Kim Dacres Sculpts Resilience in Rubber

For Kim Dacres, every Tuesday morning unfolds in the same way. Each week, the native New Yorker and West Harlem resident journeys through her beloved neighborhood, scavenging for the materials that form the bedrock of her artistic practice: tires and bicycle parts. Last month, I joined the artist for what she calls “Tire Tuesday,” a ritual of collecting rubber that she transforms into busts and sculptures in tribute to her community. At our first stop, Bolt Bike Shop on Frederick Douglass Boulevard, we were greeted by Marcelo and Nelson, two shopkeepers whom the artist has developed a bond with since she began collecting there in 2021.
As Dacres excitedly received her weekly haul of found rubber, I watched the wheels of her brain begin to turn. Visits like these, which the artist began making in 2017, are as integral to her process as the time she spends working in her Harlem studio. Dacres’s current exhibition at Charles Moffett, Lost on a Two Way Street, exemplifies her distinct method of transforming her choice material into striking commentary on the United States’ongoing oppression of marginalized groups, particularly women and queer and immigrant communities.Through 18 sculptures and wall-based works made of rubber, valves, and other repurposed bike parts,the show expands on Dacres’s 2025 body of work, Crossroads Like This, which deals with the difficult emotions arising from violence, human rights abuses, and struggles for global liberation.

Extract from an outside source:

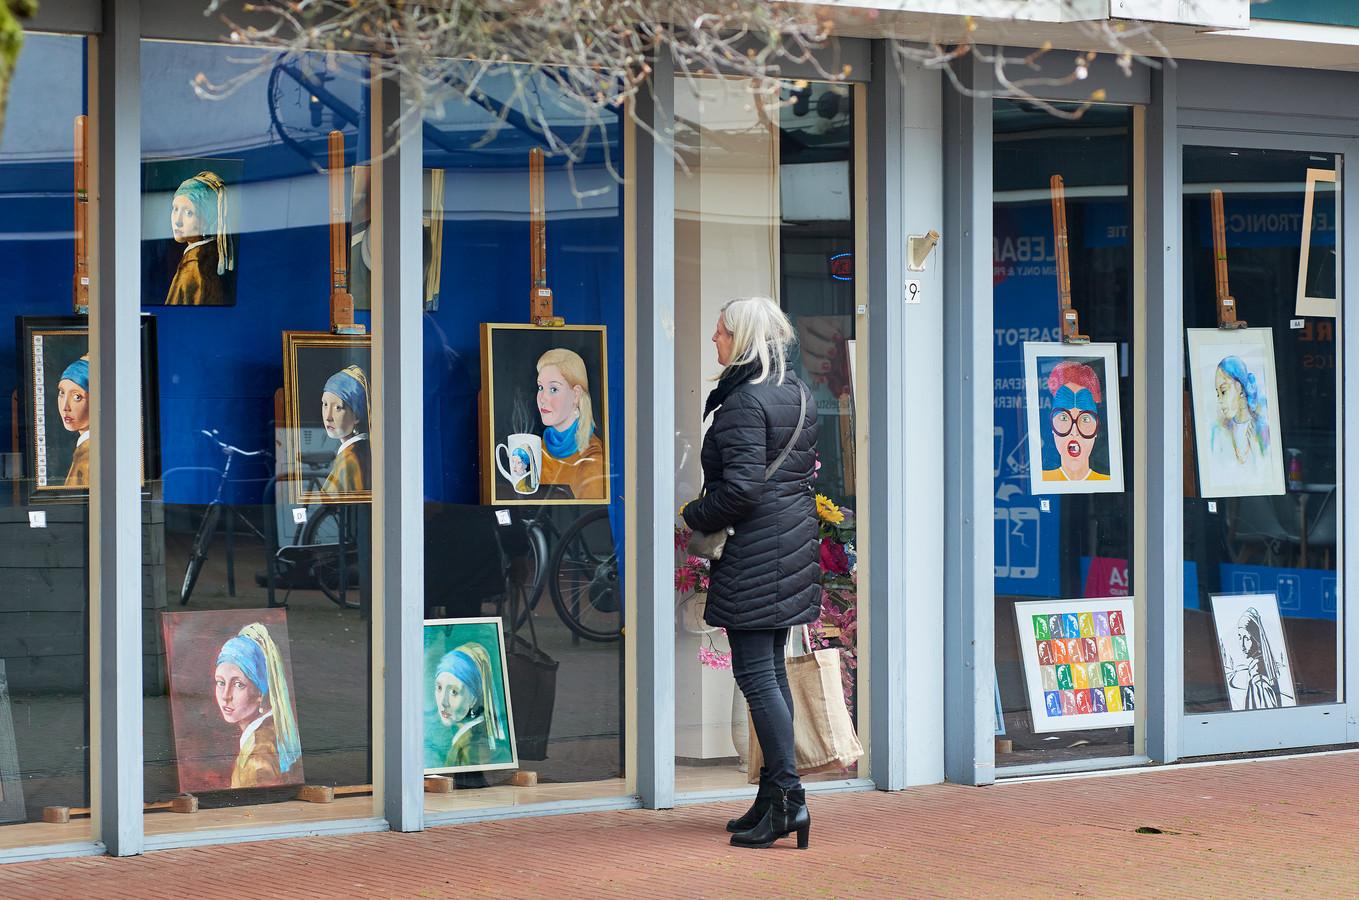 Schilderijen van het meisje met de parel in een lege winkel aan de Meijerijgaarde in Veghel.
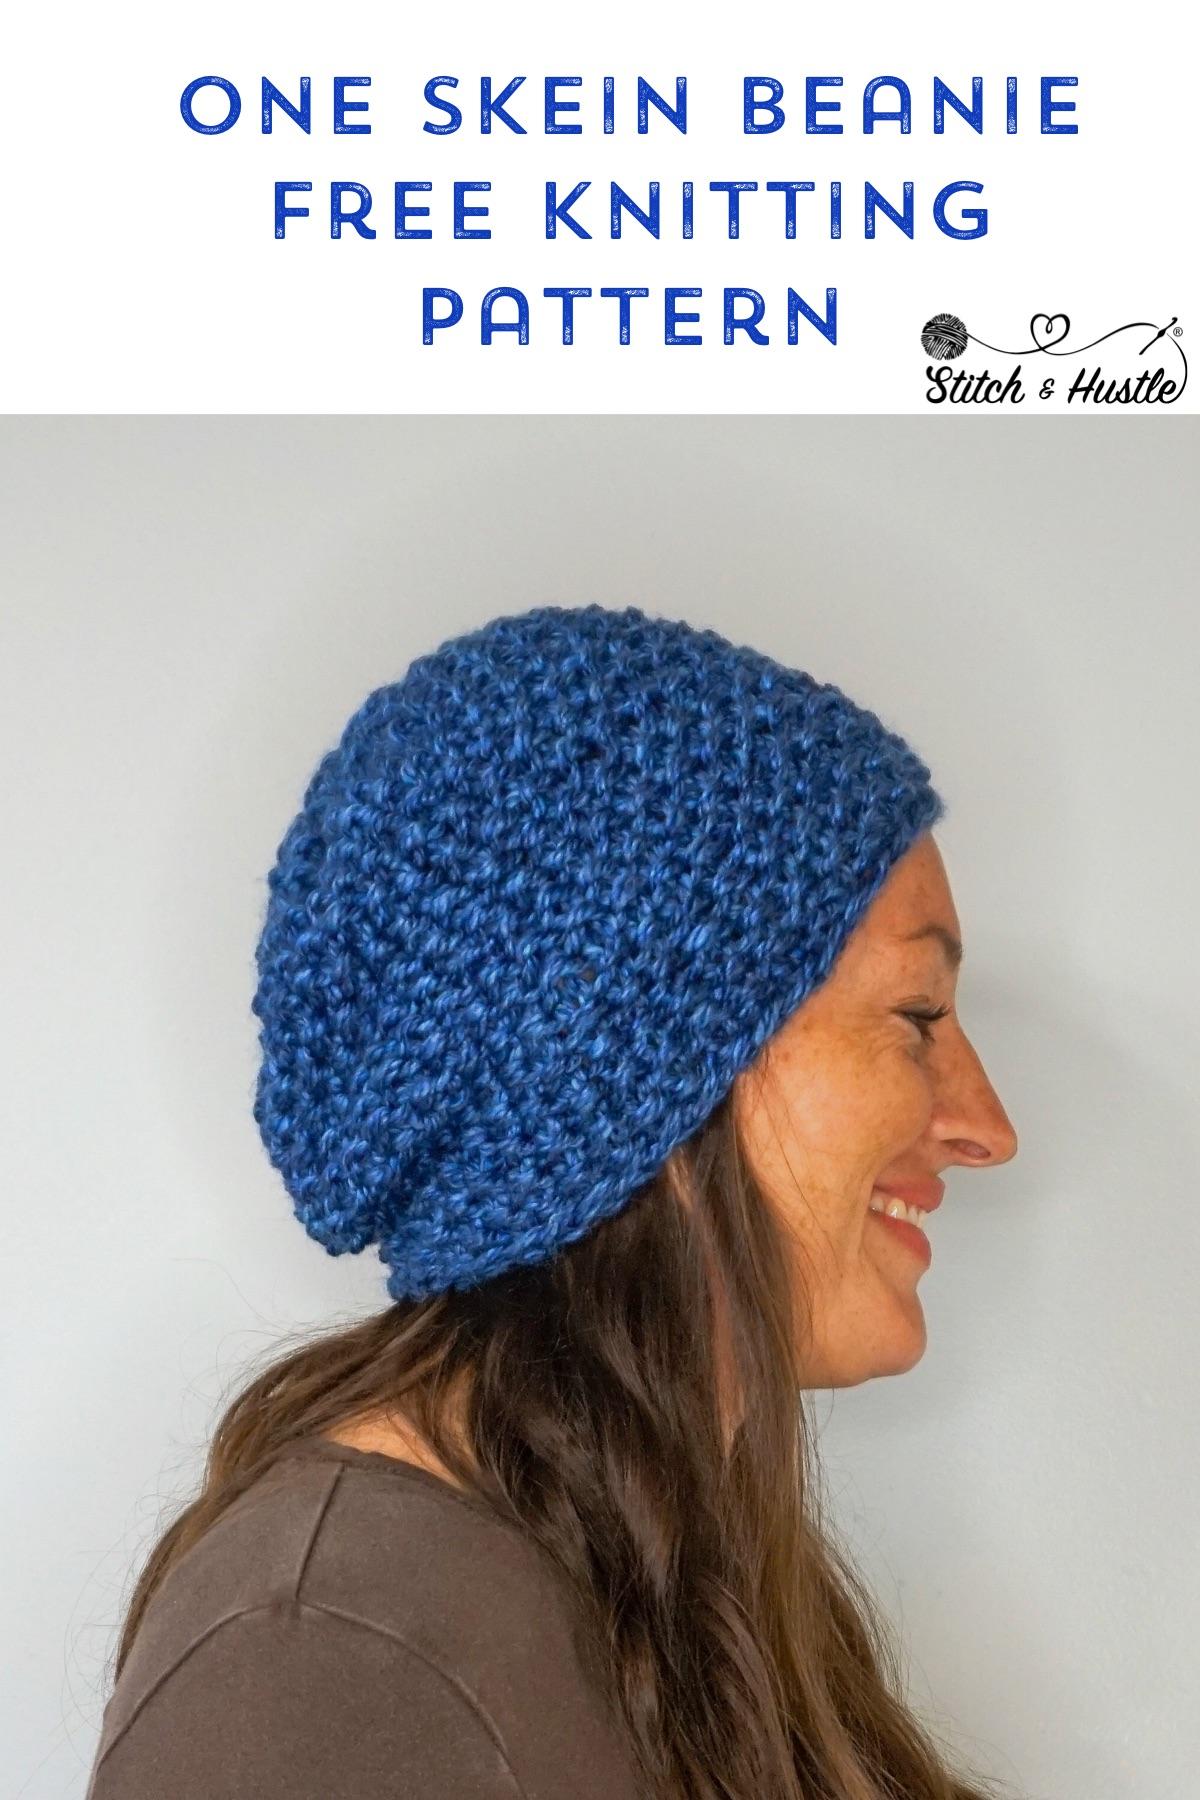 HatNotHate_Free_one-skein-_beanie_knitting-Pattern_1.jpg

Left: Kim Dacres with "Until the ocean covers every mountain high (Blue Gears)" (2026); right: Kim Dacres, "Oval Medallion -Lady with Contained Crash out Braids" (2026), found auto and bicycle rubber, braided bicycle inner tubes, bicycle chains, wood, screws, black and red primer spray paint
Dacres’s fascination with found auto and bike parts is multifaceted. First is rubber’s ubiquitous nature — it’s used in various modes of transportation, footwear, and household items, to name a few — along with its resilience and ability to absorb trauma without much visible damage. Equally important is the olfactory experience it conjures. “It smells like home, like the city, like places I'm going,” Dacres, who was born and raised in the Bronx, shared. “It smells a lot like freedom and access to mobility.”
Indeed, Dacres is concerned not just with material, but how objects circulate among people and what they reveal about the emotional worlds they inhabit.
“A lot of times when I meet people, I think you can be flattened based off of what you do for a living, whether they consider you a pretty person or a rich person … and that's it. They ignore all the places that you’ve been,” the artist shared. “In my work, I try to make a [tribute] to somebody I've been inspired by. It could be somebody walking down the street, a musician, an athlete, anyone. But it considers the texture of the person and where they have been.”

The artist’s new series of wall-based works, titled Forget Me Nots (all works 2026) after Patrice Rushen’s 1982 classic song, illustrates this commitment to honoring her community members. These oval- and square-shaped works, which feature intricate braiding and a reddish-brown coating that deviates from Dacres’s typical all-black palette, nod to the crucial role that Dacres’s social bonds play in maintaining her mental health. Each medallion is culled from a memory of an individual that Dacres has seen while walking through her neighborhood, and for one reason or another, brought her joy. Titles like “Top Bun with Two Chains” (2026) represent the nicknames Dacres assigned to recall her mental snapshots, or “forget me nots.”
Everything from the exhibition title to new series and artwork names also pay homage to iconic Black musicians. The world felt heavy as the artist developed works for the show, and she turned to music, specifically her favorite love song —“As,” from Stevie Wonder's seminal 1976 album, Songs in the Key of Life— as a key point of departure for several central works. For example, “Until the ocean covers every mountain high (Blue Gears)," a sizable bust on a custom stained oak plinth, directly references Wonder’s poetic lyrics describing a cosmic, boundless love — like the love that Kim has for herself, and in turn, for her community.

Recently, Dacres has shifted from individual people to larger concepts — not just love, but environmental disaster and attacks on LGBTQ+ rights. “(Blue Gears)”is noticeably vibrant in comparison to Dacres’s typical all-black sculptures. Created at a time when Hurricane Melissa was pummeling Jamaica, the artist ties the work to the reality of rising sea levels brought on by climate change through both the work’s appearance and its title. “Each idol is loosely dedicated to contemporary topics weighing on my spirit every morning,” Dacres says, including “The day is night and night becomes the day (Gears & Chains Headdress),” which epitomizes anxiety and depression, and “The rainbow burns the stars out in the sky (Brown Gears)” (2026), which takes on attacks on gender fluidity.
From tires and pedals to cranksets and cassettes, Dacres’s artistic practice has birthed a signature vocabulary that probes the capacity of material to carry and interpret difficult truths about our world, including barriers to education and access, concerns around citizenship, and threats against civil and human rights. As Dacres puts it, “We don’t just pop into a place. When you go somewhere, you are shaped by that environment.”